New unit tests for JSON, CSV and text suites
Author: Henry Robinson <he...@cloudera.com>
Closes #20355 from henryr/spark-23148.
Project: http://git-wip-us.apache.org/repos/asf/spark/repo
Commit: http://git-wip-us.apache.org/repos/asf/spark/commit/de36f65d
Tree: http://git-wip-us.apache.org/repos/asf/spark/tree/de36f65d
Diff: http://git-wip-us.apache.org/repos/asf/spark/diff/de36f65d
Branch: refs/heads/master
Commit: de36f65d3a819c00d6bf6979deef46c824203669
Parents: 7af1a32
Author: Henry Robinson <he...@cloudera.com>
Authored: Wed Jan 24 21:19:09 2018 +0900
Committer: hyukjinkwon <gu...@gmail.com>
Committed: Wed Jan 24 21:19:09 2018 +0900
----------------------------------------------------------------------
.../sql/execution/datasources/CodecStreams.scala | 6 +++---
.../execution/datasources/csv/CSVDataSource.scala | 11 ++++++-----
.../datasources/json/JsonDataSource.scala | 10 ++++++----
.../spark/sql/FileBasedDataSourceSuite.scala | 18 ++++++++++++++++--
4 files changed, 31 insertions(+), 14 deletions(-)
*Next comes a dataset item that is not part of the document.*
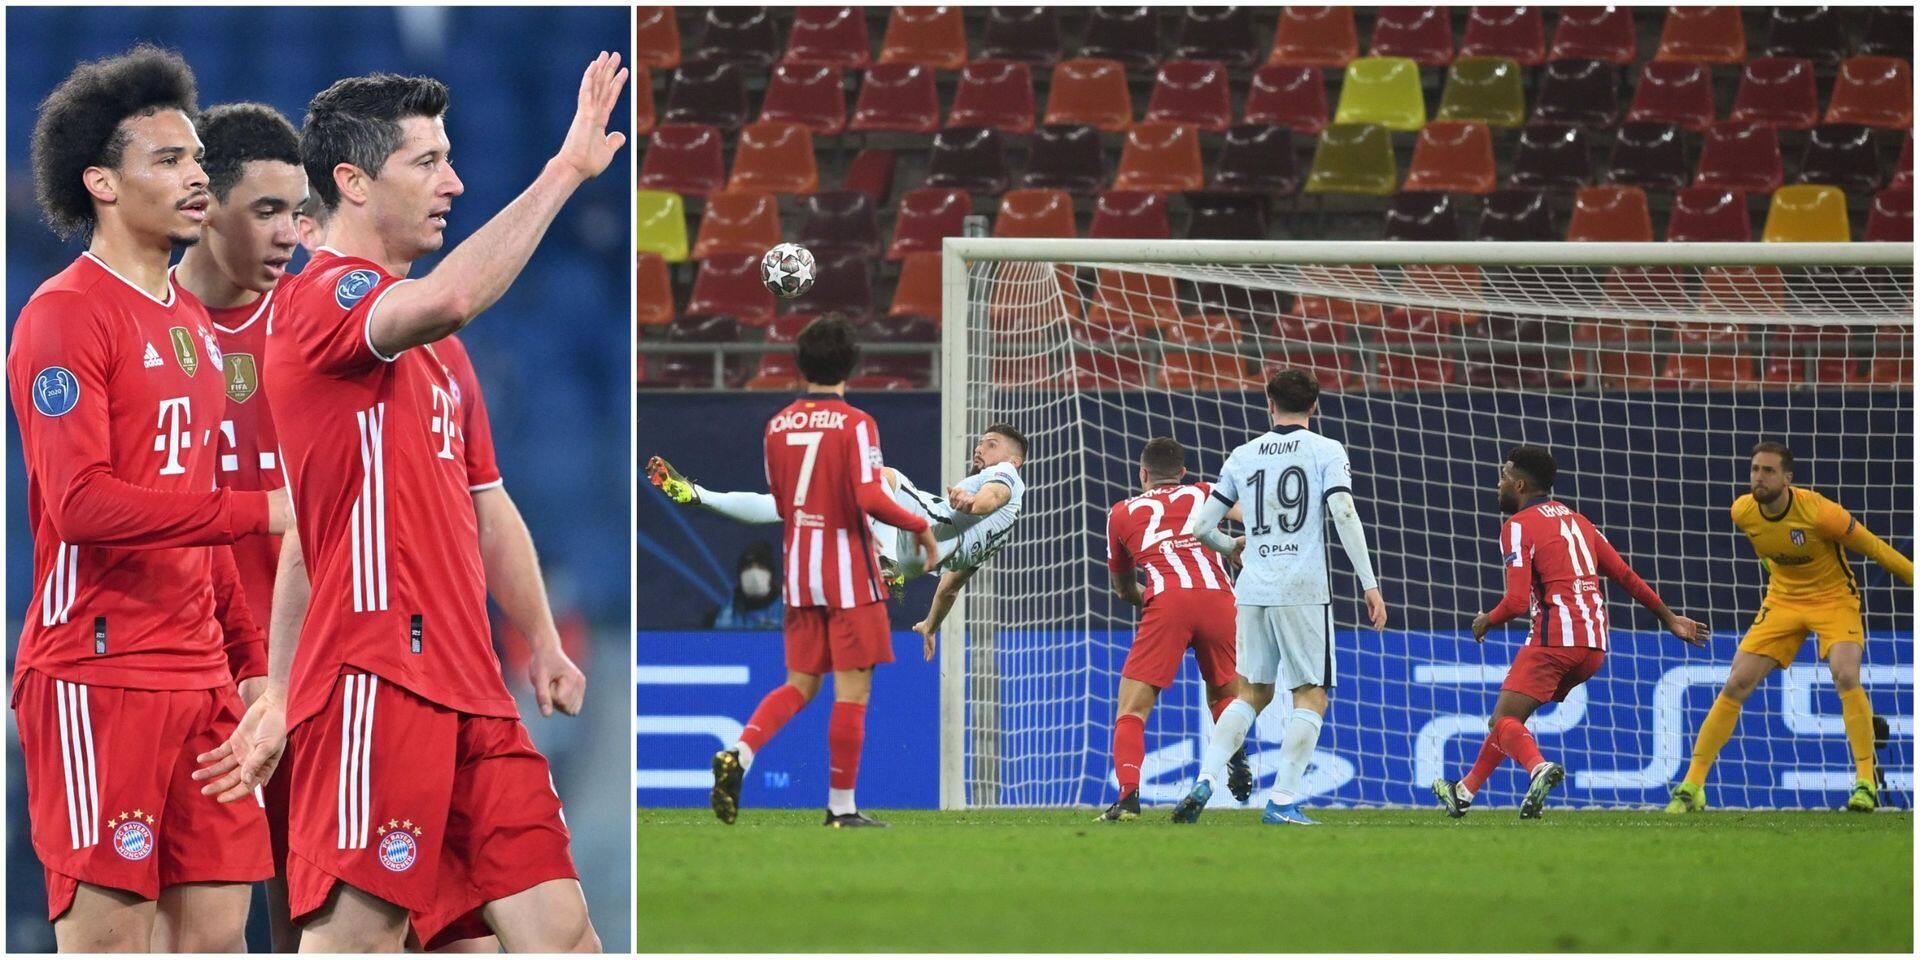 Ligue des Champions: un bijou de Giroud permet à Chelsea de s'imposer à l'Atletico, le Bayern écrase la Lazio et prend une large option sur les quarts
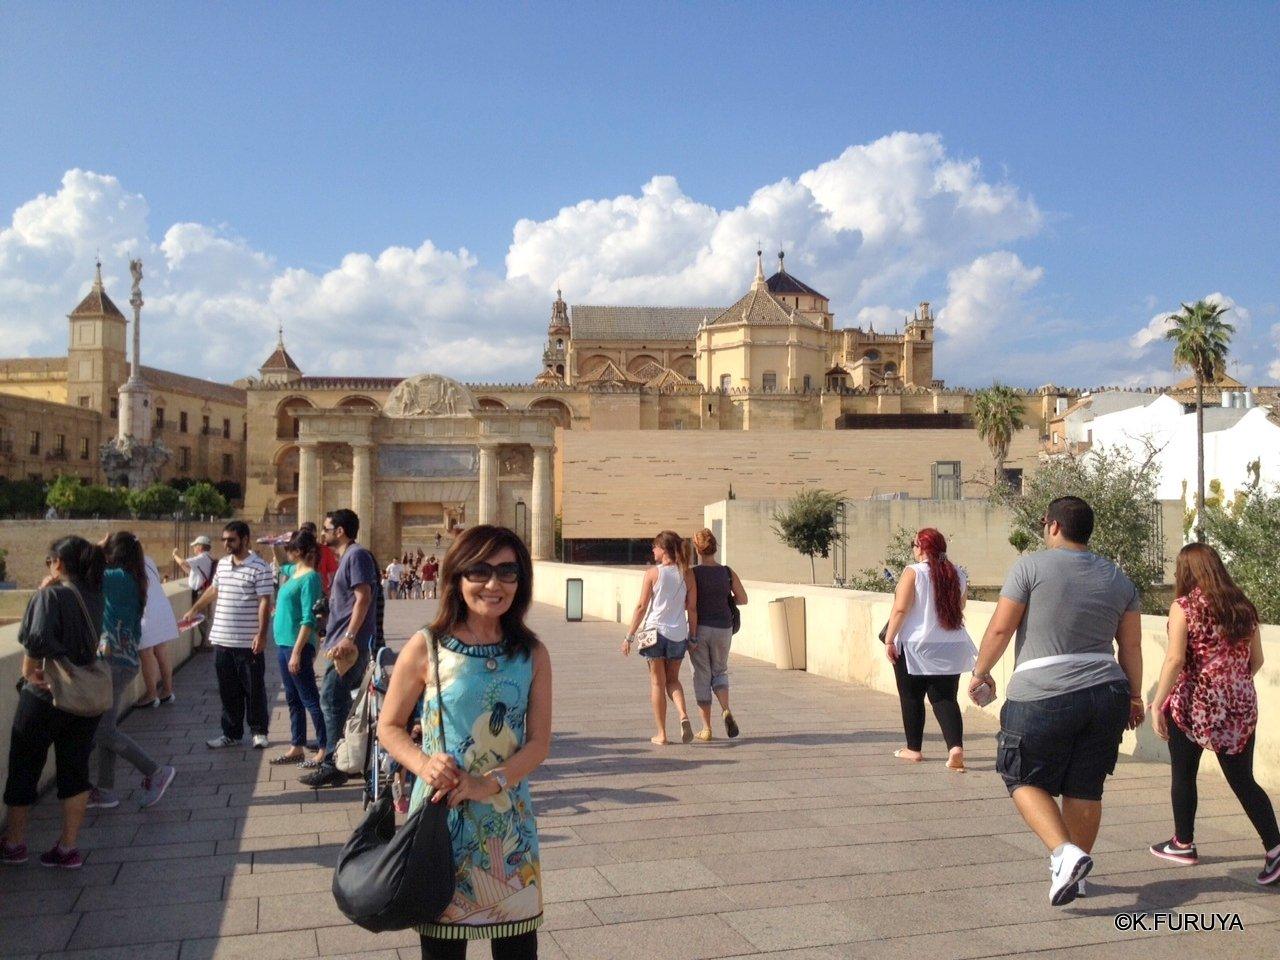 スペイン旅行記 12 コルドバ・メスキータ_a0092659_23344749.jpg

----------------------------------------------------------------------
http://git-wip-us.apache.org/repos/asf/spark/blob/de36f65d/sql/core/src/main/scala/org/apache/spark/sql/execution/datasources/CodecStreams.scala
----------------------------------------------------------------------
diff --git a/sql/core/src/main/scala/org/apache/spark/sql/execution/datasources/CodecStreams.scala b/sql/core/src/main/scala/org/apache/spark/sql/execution/datasources/CodecStreams.scala
index 54549f6..c0df6c7 100644
--- a/sql/core/src/main/scala/org/apache/spark/sql/execution/datasources/CodecStreams.scala
+++ b/sql/core/src/main/scala/org/apache/spark/sql/execution/datasources/CodecStreams.scala
@@ -45,11 +45,11 @@ object CodecStreams {
}
/**
- * Creates an input stream from the string path and add a closure for the input stream to be
+ * Creates an input stream from the given path and add a closure for the input stream to be
* closed on task completion.
*/
- def createInputStreamWithCloseResource(config: Configuration, path: String): InputStream = {
- val inputStream = createInputStream(config, new Path(path))
+ def createInputStreamWithCloseResource(config: Configuration, path: Path): InputStream = {
+ val inputStream = createInputStream(config, path)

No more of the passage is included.